BERLIN (Reuters) - Germany nominated a special envoy for Afghanistan and Pakistan on Monday, saying it wanted to strengthen coordination with U.S. President Barack Obama’s envoy to the region, Richard Holbrooke.
German Foreign Minister Frank-Walter Steinmeier said the appointment of Bernd Muetzelburg, currently ambassador to New Delhi, underlined Berlin’s stance that regional neighbours had to be involved in efforts to bring peace to Afghanistan.
“After the elections in the United States, the U.S. government made clear that we will be dealing more with a regional approach in Afghanistan,” Steinmeier said.
“Mr Muetzelburg will be the contact person for U.S. envoy Mr Holbrooke who asked us during the Munich Security Conference last weekend to appoint a contact person.

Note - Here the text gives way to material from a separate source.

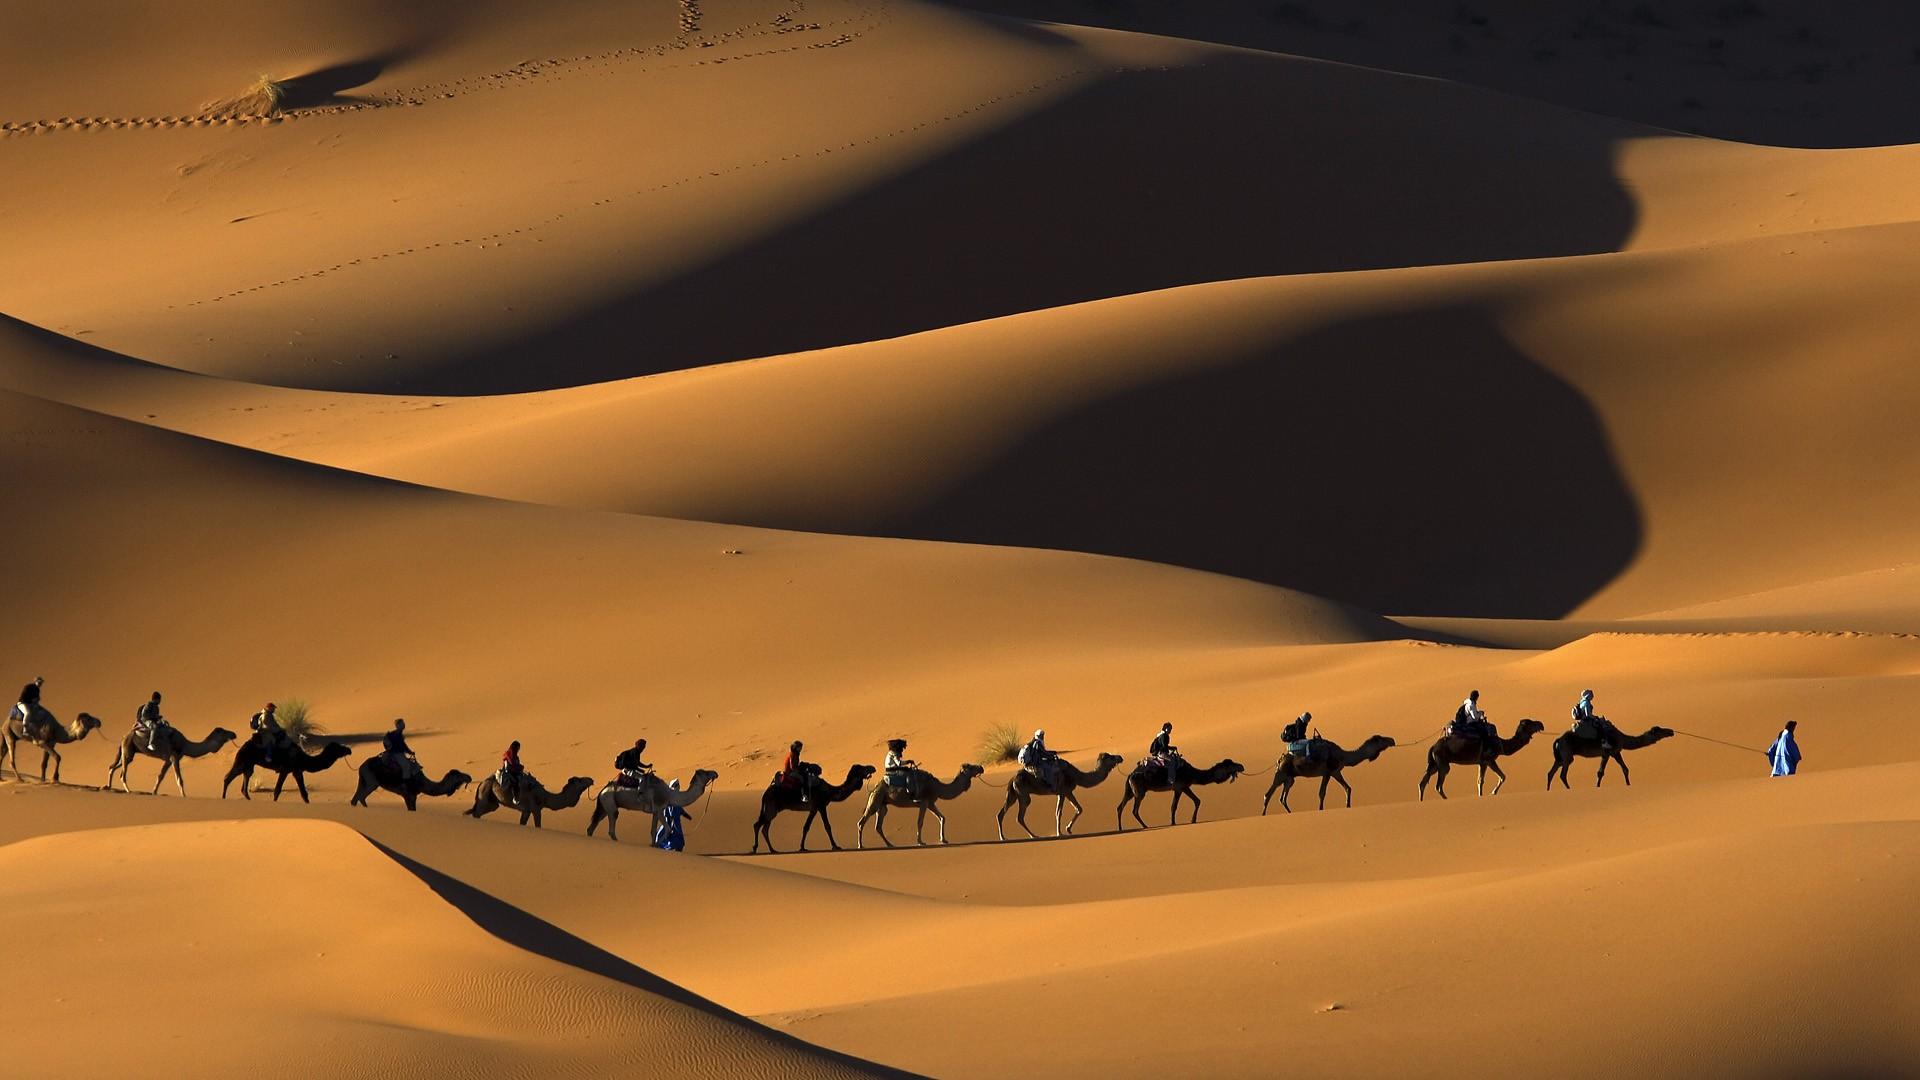 Музыка в пустыне  № 3622285 без смс

I assume that other European countries will do the same,” he said.
Obama has pledged to make Afghanistan a foreign policy priority.
Washington is considering sending up to 25,000 more troops to Afghanistan, but also increasing spending on development assistance to undercut the insurgency now entrenched in the south and east and spreading north and west.
Germany has a parliamentary mandate to send up to 4,500 troops to Afghanistan as part of a NATO mission, and around 3,500 soldiers are deployed at present.
But Berlin says that military action alone will not solve the conflict and defends civilian reconstruction efforts.
Muetzelburg, 64, said Afghanistan was the biggest challenge the international community was facing at the moment.
“I’m looking forward to maybe working even closer with the U.S. government,” said Muetzelburg, who will be based in Berlin.
News of Muetzelburg’s appointment created a stir in Berlin over the weekend, with some media saying Chancellor Angela Merkel was unhappy about the decision by Steinmeier’s ministry.
Muetzelburg, 64, was an influential foreign policy adviser to former German Chancellor Gerhard Schroeder at a time when Berlin clashed with Washington over the U.S.-led invasion of Iraq and Germany forged close relations with Russia.
The conservative Merkel and the Social Democratic Steinmeier, who rule in an uneasy grand coalition government, are to face each other in an election in September.
Merkel’s spokesman Ulrich Wilhelm told a news conference he welcomed Muetzelburg’s appointment, but added that the chancellery had been informed about his nomination but that the appointment had not been coordinated.